## WORK INSTRUCTIONS
Stop after the line with "PNRR e Infrastruttura"; until then, please copy every line of the records word for word from the first.

## ENTRIES SUPPLIED
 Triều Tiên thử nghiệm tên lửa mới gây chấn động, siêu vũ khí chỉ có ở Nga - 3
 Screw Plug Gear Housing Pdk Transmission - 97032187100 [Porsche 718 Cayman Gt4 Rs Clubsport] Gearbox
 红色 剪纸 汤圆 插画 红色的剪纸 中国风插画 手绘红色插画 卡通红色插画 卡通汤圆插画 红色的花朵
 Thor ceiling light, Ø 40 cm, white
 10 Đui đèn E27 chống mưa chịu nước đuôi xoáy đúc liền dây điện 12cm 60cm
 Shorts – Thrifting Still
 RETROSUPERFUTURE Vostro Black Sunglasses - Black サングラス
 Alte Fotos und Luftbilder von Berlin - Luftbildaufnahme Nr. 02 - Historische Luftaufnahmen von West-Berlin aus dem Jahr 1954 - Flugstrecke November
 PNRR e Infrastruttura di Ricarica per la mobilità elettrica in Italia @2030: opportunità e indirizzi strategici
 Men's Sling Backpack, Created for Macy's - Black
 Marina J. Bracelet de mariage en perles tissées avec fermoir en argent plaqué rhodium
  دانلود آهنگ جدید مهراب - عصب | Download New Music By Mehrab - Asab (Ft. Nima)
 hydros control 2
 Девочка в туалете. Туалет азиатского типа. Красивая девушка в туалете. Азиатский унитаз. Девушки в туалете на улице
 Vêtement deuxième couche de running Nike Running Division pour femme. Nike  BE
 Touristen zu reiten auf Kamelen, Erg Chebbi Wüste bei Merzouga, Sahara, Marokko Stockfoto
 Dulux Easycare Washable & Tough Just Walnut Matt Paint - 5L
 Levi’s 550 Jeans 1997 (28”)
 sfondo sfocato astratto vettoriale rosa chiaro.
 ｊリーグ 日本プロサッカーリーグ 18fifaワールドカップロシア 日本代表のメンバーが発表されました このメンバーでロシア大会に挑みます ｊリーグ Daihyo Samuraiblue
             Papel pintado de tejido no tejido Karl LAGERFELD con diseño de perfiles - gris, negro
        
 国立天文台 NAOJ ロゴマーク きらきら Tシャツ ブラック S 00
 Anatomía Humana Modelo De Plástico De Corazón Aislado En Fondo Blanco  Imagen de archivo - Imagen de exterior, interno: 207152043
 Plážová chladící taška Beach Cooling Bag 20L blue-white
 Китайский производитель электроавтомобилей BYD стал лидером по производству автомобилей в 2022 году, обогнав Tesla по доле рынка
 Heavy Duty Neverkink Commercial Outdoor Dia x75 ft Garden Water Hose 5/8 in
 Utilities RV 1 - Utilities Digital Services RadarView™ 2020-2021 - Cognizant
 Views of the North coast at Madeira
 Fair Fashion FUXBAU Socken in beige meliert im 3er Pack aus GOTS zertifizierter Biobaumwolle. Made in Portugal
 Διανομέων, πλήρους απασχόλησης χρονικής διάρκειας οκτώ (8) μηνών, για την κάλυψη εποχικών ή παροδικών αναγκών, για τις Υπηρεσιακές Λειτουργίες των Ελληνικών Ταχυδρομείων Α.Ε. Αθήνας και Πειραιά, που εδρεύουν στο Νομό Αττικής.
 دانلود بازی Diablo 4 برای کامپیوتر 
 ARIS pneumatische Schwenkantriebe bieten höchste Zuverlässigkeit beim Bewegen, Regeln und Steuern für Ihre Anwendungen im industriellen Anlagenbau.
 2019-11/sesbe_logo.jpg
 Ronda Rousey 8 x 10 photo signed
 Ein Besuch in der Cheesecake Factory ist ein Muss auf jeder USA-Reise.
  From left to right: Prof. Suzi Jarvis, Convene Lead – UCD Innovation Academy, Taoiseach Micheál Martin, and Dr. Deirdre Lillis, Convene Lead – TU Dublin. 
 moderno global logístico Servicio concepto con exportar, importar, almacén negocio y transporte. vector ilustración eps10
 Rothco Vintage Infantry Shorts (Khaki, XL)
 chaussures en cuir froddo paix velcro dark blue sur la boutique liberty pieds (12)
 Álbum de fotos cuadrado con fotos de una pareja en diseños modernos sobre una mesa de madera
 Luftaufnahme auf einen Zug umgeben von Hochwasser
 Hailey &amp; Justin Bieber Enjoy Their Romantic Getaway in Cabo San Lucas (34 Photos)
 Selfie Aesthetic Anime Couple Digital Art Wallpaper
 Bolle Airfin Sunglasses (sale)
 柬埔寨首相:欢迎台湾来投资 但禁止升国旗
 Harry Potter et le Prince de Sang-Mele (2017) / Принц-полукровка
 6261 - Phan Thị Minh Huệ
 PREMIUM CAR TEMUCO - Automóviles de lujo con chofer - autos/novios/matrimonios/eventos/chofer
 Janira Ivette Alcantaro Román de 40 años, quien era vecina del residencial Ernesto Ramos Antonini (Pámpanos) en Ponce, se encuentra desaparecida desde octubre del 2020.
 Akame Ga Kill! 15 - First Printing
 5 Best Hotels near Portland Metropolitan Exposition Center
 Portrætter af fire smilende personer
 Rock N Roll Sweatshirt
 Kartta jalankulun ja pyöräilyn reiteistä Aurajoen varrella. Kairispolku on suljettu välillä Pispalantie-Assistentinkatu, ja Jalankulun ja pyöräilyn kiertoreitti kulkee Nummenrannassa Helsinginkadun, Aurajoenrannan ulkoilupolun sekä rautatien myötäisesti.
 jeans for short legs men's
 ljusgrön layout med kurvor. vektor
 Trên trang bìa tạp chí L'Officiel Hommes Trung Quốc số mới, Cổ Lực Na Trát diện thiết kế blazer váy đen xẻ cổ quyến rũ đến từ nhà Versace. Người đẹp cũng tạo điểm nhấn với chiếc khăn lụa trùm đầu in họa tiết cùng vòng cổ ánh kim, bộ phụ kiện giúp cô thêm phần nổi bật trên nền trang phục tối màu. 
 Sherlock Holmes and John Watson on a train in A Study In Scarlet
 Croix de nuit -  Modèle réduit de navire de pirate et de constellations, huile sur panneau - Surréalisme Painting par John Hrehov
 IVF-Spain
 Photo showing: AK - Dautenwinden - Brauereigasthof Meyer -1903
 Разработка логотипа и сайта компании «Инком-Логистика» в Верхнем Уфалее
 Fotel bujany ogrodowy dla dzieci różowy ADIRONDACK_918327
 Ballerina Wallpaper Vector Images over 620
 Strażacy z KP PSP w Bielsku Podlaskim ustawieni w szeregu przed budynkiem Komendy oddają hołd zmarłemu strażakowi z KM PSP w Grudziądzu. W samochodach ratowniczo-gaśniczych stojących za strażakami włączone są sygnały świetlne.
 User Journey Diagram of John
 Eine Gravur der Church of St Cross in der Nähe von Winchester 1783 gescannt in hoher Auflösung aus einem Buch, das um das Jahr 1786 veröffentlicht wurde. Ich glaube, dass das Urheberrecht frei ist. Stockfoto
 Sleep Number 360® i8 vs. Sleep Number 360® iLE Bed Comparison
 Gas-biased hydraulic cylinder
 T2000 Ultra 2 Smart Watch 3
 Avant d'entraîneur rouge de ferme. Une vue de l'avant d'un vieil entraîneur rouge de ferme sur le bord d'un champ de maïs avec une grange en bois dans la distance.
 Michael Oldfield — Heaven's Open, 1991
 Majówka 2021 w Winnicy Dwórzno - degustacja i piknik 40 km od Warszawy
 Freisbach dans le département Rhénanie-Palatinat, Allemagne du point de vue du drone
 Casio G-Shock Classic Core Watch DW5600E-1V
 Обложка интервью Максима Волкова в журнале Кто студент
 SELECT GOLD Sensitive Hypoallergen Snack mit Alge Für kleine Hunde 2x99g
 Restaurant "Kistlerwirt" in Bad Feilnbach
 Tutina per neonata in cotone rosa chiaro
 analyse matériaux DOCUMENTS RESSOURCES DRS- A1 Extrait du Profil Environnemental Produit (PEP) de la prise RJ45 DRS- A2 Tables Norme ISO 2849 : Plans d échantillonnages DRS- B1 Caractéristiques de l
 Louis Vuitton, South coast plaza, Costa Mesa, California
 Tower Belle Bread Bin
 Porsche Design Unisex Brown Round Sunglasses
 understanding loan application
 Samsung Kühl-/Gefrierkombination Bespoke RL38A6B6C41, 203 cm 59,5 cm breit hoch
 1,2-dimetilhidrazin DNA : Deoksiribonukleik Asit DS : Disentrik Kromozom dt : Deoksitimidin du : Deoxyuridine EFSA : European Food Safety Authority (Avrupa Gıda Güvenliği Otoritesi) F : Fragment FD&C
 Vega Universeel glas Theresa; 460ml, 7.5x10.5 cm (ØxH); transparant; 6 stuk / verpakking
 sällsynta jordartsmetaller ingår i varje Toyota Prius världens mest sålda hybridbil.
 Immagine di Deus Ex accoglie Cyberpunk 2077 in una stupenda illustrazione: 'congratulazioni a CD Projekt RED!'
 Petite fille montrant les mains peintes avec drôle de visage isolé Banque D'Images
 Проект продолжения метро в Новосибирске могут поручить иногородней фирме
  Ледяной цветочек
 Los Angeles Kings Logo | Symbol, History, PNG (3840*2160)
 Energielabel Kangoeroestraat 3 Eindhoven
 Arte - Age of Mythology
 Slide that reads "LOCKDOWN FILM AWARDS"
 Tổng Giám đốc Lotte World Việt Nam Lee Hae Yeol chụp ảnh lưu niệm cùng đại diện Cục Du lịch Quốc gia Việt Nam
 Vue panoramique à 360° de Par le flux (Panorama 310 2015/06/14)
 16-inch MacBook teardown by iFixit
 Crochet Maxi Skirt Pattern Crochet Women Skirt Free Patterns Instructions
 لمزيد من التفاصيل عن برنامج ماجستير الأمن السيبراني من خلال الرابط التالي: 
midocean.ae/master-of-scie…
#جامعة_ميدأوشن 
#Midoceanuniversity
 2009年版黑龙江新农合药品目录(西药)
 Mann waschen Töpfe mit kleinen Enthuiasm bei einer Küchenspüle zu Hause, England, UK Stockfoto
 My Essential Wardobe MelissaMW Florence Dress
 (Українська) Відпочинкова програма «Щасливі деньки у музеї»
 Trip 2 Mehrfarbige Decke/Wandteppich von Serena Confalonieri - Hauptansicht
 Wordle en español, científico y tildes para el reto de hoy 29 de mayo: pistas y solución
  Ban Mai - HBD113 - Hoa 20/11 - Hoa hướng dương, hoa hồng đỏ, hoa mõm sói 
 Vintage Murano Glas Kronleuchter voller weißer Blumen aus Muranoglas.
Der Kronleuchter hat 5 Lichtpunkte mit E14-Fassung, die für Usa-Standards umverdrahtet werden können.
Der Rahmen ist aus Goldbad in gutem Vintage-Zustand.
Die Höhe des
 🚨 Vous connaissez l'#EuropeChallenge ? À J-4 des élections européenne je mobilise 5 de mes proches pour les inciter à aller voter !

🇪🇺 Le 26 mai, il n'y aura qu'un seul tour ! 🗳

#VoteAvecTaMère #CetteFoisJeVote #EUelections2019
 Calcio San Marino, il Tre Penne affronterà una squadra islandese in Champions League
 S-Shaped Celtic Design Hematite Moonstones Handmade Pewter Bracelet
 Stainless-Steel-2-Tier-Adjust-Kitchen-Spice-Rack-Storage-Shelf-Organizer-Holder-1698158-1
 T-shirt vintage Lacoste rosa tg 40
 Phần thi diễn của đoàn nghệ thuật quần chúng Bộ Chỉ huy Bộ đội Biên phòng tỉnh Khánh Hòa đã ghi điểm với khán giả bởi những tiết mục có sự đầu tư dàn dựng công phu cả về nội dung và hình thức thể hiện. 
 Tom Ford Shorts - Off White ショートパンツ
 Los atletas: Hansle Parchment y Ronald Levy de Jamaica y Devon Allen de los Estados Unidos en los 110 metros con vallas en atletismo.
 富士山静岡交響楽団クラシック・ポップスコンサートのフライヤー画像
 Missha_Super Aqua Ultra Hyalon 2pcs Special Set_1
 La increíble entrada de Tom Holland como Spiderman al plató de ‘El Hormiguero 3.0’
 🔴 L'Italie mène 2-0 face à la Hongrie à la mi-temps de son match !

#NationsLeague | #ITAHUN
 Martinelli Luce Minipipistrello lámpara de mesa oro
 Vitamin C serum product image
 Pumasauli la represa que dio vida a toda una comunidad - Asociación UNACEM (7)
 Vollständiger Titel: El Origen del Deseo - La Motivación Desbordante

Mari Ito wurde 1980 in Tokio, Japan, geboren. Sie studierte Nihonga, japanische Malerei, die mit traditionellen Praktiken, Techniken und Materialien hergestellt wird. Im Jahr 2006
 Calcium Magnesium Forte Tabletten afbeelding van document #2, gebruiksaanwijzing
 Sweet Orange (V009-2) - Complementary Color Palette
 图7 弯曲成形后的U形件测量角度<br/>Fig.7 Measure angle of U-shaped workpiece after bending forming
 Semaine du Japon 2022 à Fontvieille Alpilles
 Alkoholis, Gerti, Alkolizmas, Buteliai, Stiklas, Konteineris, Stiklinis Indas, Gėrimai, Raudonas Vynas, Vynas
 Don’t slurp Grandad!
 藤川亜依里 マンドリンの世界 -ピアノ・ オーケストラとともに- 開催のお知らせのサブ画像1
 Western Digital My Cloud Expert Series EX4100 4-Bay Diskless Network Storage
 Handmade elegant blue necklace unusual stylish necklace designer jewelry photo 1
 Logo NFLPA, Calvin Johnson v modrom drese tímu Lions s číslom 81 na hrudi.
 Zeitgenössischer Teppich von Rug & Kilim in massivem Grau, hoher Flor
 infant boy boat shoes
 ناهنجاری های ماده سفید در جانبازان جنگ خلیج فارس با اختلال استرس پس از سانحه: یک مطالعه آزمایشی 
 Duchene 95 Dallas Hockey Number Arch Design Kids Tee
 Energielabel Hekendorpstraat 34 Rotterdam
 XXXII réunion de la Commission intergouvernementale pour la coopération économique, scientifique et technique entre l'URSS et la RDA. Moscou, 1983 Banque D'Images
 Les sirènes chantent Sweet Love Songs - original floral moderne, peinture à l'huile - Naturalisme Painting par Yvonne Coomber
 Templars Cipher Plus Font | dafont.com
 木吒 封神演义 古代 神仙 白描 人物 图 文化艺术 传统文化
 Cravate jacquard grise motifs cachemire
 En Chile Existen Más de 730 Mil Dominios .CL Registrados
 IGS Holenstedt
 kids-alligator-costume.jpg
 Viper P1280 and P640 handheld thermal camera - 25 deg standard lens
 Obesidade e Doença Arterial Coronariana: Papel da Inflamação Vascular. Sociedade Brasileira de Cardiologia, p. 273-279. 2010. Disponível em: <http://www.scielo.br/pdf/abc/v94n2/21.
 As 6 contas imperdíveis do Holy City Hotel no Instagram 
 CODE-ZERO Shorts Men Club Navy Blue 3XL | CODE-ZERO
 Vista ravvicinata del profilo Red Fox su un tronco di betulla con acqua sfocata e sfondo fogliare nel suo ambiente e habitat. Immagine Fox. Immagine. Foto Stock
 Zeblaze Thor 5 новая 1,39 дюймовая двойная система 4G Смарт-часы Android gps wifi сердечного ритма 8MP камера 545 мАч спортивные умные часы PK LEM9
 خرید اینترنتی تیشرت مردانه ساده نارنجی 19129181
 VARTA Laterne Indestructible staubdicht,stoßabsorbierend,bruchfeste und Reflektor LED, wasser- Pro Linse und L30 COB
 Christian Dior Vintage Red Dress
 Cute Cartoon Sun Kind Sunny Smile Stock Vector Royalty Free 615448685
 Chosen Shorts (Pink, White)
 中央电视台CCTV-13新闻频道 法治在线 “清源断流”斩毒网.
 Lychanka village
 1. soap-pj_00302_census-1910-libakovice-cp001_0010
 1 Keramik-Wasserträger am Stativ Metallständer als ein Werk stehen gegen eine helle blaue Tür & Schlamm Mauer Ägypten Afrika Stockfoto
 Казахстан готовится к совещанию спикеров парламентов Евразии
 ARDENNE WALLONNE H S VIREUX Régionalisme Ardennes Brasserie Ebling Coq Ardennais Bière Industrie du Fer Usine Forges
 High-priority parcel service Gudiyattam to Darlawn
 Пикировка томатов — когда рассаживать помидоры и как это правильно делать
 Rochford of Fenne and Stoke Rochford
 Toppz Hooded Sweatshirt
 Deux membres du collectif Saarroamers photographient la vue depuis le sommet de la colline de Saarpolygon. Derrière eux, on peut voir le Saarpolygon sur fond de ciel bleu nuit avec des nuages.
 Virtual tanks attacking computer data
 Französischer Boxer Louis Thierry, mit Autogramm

## ANSWER AREA
 Triều Tiên thử nghiệm tên lửa mới gây chấn động, siêu vũ khí chỉ có ở Nga - 3
 Screw Plug Gear Housing Pdk Transmission - 97032187100 [Porsche 718 Cayman Gt4 Rs Clubsport] Gearbox
 红色 剪纸 汤圆 插画 红色的剪纸 中国风插画 手绘红色插画 卡通红色插画 卡通汤圆插画 红色的花朵
 Thor ceiling light, Ø 40 cm, white
 10 Đui đèn E27 chống mưa chịu nước đuôi xoáy đúc liền dây điện 12cm 60cm
 Shorts – Thrifting Still
 RETROSUPERFUTURE Vostro Black Sunglasses - Black サングラス
 Alte Fotos und Luftbilder von Berlin - Luftbildaufnahme Nr. 02 - Historische Luftaufnahmen von West-Berlin aus dem Jahr 1954 - Flugstrecke November
 PNRR e Infrastruttura di Ricarica per la mobilità elettrica in Italia @2030: opportunità e indirizzi strategici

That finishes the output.